Fixed mortgage rates drive market pickup

Latest report from Westpac says LVR restrictions could be loosened further

Fixed mortgage rates drive market pickup
New Zealand can expect the current market upturn – that is the rise in the number of house sales in seasonally adjusted terms at 3.4% up in October and 4.1% up in November – to persist for a few more months, according to the latest Westpac’s Home Truths report.

Westpac chief economist Dominick Stephens said one driver of the pickup has been fixed mortgage rates, which have been trickling lower in recent weeks and could fall a little further in the short term.

“We may also experience a bit of a rush to beat looming regulatory changes such as the ban of foreign buyers and the extension to five years of the ‘bright line test’ for taxing capital gains on investors who resell a property,” Stephens said.

According to the report, the RBNZ’s recent decision to loosen its loan-to-value ratios (LVRs) mortgage lending restrictions will also have a modest short-term impact.
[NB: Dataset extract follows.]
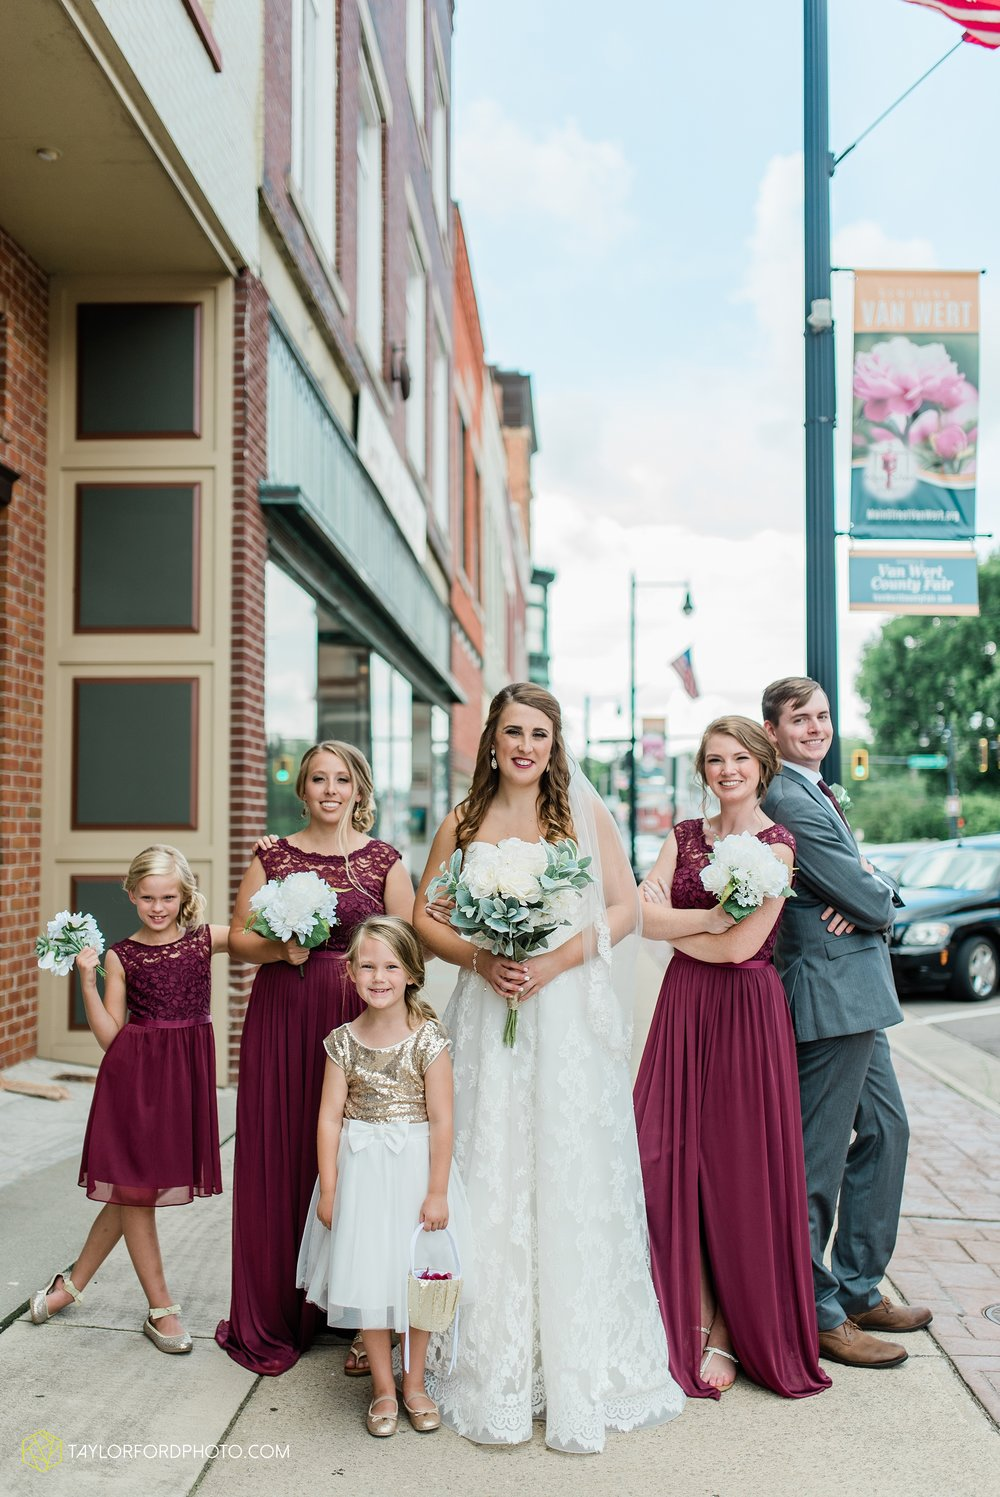 chelsey-zosh-jackson-young-first-united-methodist-church-senior-center-van-wert-ohio-wedding-photographer-taylor-ford-photography_0057.jpg

Property investors will be able to leverage up a little more, and a few more owner occupiers will be able to borrow more than 80% of a house’s value.

Stephens went on to say that Westpac remains firm on the view “that the good times will not last long.”

“Almost every factor we can think of is lined up against the housing market,” he said. “Net migration is dropping away sharply; fixed mortgage rates are likely to rise next year; foreign buyers will be banned; property investors’ tax treatment will deteriorate; and sentiment will take a knock because people know that further deleterious tax change is likely, including the possibility of a capital gains tax which would reduce house prices significantly.”

The only positive driver seen is the RBNZ’s LVR restrictions, which could be loosened further, Stephens said.